* [Problem requirements] Search the records for the string "Sailor", then copy each line that has it.

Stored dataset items
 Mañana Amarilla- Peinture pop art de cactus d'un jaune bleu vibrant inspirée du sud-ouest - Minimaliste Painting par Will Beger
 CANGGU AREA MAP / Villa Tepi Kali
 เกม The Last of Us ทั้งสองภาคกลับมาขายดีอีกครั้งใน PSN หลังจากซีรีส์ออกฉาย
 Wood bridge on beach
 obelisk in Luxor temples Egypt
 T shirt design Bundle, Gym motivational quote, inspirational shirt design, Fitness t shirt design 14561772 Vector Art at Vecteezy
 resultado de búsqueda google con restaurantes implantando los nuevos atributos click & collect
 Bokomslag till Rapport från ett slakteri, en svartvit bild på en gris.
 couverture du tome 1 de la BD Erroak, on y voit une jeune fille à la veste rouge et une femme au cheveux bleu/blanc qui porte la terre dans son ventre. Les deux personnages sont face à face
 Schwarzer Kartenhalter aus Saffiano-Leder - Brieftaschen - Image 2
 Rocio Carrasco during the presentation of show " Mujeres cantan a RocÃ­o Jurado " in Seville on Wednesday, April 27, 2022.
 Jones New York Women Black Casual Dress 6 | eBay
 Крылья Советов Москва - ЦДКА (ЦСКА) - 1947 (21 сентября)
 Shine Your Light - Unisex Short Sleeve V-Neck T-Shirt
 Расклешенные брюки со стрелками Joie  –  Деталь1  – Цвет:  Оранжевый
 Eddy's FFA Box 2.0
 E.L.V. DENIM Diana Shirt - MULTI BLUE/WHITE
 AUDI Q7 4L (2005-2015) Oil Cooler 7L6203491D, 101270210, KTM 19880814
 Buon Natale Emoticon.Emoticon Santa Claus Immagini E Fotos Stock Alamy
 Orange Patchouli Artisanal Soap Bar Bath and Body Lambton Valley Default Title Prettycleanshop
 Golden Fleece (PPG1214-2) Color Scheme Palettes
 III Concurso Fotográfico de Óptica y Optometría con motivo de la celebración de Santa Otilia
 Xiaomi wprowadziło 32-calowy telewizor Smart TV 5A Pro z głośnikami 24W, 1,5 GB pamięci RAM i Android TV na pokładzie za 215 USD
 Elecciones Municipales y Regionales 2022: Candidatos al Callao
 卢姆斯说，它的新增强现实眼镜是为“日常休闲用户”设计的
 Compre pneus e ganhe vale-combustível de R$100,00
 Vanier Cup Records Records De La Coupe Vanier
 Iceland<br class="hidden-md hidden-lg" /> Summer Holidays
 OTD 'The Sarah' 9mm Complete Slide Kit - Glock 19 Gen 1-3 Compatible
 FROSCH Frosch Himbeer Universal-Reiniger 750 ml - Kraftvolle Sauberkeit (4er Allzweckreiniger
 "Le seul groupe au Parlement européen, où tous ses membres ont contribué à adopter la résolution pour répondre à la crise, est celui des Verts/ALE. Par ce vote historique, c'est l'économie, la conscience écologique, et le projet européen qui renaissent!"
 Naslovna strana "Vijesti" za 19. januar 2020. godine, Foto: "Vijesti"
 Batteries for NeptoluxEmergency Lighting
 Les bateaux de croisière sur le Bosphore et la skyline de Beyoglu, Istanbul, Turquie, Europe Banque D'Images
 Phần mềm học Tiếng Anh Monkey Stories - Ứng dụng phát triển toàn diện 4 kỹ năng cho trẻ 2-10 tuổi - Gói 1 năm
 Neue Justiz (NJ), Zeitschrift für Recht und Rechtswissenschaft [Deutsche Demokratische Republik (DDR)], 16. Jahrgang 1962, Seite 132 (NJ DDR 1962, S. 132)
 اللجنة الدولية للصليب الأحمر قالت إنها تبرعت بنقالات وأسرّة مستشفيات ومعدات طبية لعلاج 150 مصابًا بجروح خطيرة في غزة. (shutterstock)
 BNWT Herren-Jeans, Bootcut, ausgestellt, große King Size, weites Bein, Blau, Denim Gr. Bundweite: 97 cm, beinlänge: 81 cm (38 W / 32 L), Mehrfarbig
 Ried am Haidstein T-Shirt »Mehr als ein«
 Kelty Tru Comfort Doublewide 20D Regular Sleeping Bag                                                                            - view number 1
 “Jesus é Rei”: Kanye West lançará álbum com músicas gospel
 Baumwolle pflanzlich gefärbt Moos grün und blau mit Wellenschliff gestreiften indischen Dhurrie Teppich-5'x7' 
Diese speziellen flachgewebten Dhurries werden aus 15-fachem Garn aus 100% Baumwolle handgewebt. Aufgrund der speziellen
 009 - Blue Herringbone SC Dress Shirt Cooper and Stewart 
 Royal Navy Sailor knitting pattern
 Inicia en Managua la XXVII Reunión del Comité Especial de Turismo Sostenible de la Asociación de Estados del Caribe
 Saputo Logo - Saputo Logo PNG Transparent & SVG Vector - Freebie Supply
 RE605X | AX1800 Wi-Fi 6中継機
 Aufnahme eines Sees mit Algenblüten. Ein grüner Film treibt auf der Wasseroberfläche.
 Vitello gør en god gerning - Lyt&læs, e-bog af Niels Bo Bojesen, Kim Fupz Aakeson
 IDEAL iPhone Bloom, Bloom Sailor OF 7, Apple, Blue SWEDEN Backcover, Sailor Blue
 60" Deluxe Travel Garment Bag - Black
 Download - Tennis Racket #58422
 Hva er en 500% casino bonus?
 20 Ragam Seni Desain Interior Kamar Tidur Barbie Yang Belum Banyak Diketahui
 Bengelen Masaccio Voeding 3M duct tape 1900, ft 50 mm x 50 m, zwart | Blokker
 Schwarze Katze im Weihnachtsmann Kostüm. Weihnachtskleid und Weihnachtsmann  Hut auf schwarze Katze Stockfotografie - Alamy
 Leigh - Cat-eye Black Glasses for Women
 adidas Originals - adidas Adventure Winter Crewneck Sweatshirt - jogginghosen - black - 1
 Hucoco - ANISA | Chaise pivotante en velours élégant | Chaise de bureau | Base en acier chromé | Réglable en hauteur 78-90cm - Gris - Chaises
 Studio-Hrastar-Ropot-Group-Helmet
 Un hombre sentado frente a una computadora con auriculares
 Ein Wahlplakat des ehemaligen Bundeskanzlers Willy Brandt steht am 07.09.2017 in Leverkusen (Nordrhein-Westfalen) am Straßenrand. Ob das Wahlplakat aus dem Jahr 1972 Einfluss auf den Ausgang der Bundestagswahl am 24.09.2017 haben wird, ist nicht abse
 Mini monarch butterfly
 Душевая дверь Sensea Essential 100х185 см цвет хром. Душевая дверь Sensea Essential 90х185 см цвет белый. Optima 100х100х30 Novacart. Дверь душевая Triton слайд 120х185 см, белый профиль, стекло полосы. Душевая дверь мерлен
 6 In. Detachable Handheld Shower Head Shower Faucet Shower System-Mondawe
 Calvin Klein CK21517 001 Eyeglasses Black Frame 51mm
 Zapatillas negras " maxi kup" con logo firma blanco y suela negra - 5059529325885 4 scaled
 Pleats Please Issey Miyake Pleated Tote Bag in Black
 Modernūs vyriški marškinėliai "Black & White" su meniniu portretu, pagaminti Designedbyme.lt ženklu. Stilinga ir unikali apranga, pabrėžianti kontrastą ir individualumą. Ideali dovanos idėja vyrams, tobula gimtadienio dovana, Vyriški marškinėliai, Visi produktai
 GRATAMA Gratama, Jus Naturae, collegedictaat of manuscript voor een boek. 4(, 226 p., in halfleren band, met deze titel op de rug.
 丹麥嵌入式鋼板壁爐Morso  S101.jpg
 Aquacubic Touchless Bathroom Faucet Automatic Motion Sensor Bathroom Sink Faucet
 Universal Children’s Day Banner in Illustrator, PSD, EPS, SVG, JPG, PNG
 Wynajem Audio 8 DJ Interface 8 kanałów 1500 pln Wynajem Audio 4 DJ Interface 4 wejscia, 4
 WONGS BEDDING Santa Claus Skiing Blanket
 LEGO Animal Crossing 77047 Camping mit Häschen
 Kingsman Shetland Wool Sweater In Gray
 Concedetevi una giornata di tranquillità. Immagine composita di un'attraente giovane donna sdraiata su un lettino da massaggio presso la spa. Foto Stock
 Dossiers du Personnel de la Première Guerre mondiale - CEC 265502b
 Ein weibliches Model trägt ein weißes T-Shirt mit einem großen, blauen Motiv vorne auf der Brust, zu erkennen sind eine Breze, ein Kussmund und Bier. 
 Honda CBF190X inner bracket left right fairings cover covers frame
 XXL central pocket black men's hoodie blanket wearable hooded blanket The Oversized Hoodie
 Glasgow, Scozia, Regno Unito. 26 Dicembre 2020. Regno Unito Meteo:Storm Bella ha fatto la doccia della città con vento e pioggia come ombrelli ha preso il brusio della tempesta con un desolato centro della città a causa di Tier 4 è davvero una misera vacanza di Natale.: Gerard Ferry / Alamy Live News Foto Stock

* [Task output]
 Royal Navy Sailor knitting pattern
 IDEAL iPhone Bloom, Bloom Sailor OF 7, Apple, Blue SWEDEN Backcover, Sailor Blue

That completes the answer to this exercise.